The article recommended that the first step in putting a dollar figure on cyber risks is to identify your company’s most important assets and its greatest vulnerabilities.
It explained that cyber risks generally fall into two categories: 1) those involving services shutting down, and 2) those that compromise information, ranging from sensitive data to corporate secrets or bank accounts.
The challenge is “to build a smart, well-designed cyber risk model that’s able to analyze potential direct revenue, liability and brand loss scenarios. For when a cyber attack happens, companies are hit not just with losses resulting from customers who stop buying products and services; they also face ancillary costs related to fixing their problem, such as regulatory fines, forensics and consulting costs,” the article said.
When critical data is accessed by hackers, the article confirmed that liability losses also become a factor. “A company may need to provide customers years of remediation, such as offering credit monitoring services, along with legal fees and penalties to settle multiple class action lawsuits,” the Marsh & McLennan handbook said.

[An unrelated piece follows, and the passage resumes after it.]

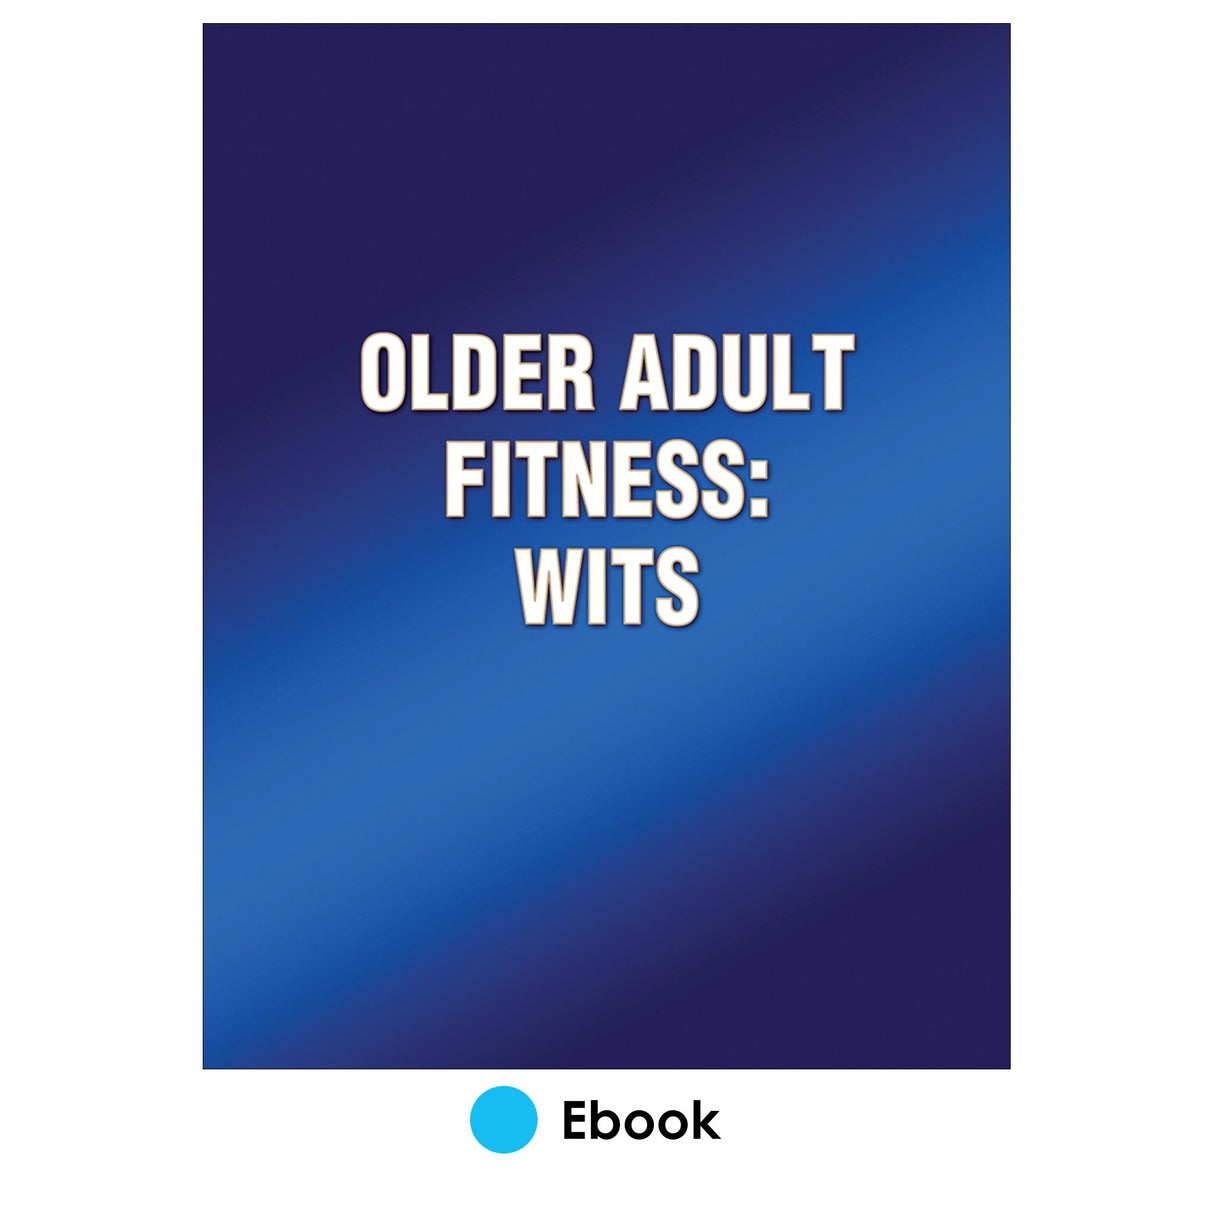 Older Adult Fitness: WITS

Finally, companies must quantify how much their future revenues will fall if a cyber attack has damaged their brand, it continued.
“To understand the upper and lower boundaries of their risk, companies must gather general business, operational and technical data that can be modeled against expected and worst-case scenarios,” the article said.
“Using both internal and external data related to the health of their business and operations, managers should be able to predict their expected and maximum cyber losses over a one- to three-year period, just as they can forecast their future revenues,” it said.
They also should estimate what percentage of their customers will leave if an outage results from a cyber breach – or how much their stock valuation and margins could suffer if a cyber attack causes damage to their reputation, the article said, adding that past incidents will help determine the applications that are at the highest risk. “Armed with this information, it’s much easier for managers to judge if their companies have the right level of cyber risk protection and to budget for potential additional spending.”
Articles in MMC’s “Cyber Risk Handbook 2016” cover “Strategy,” “Risks” and “People” topics. (The People section includes a discussion of the “people factor” in cyber threat management as well as staffing and organizing a cyber risk management team.)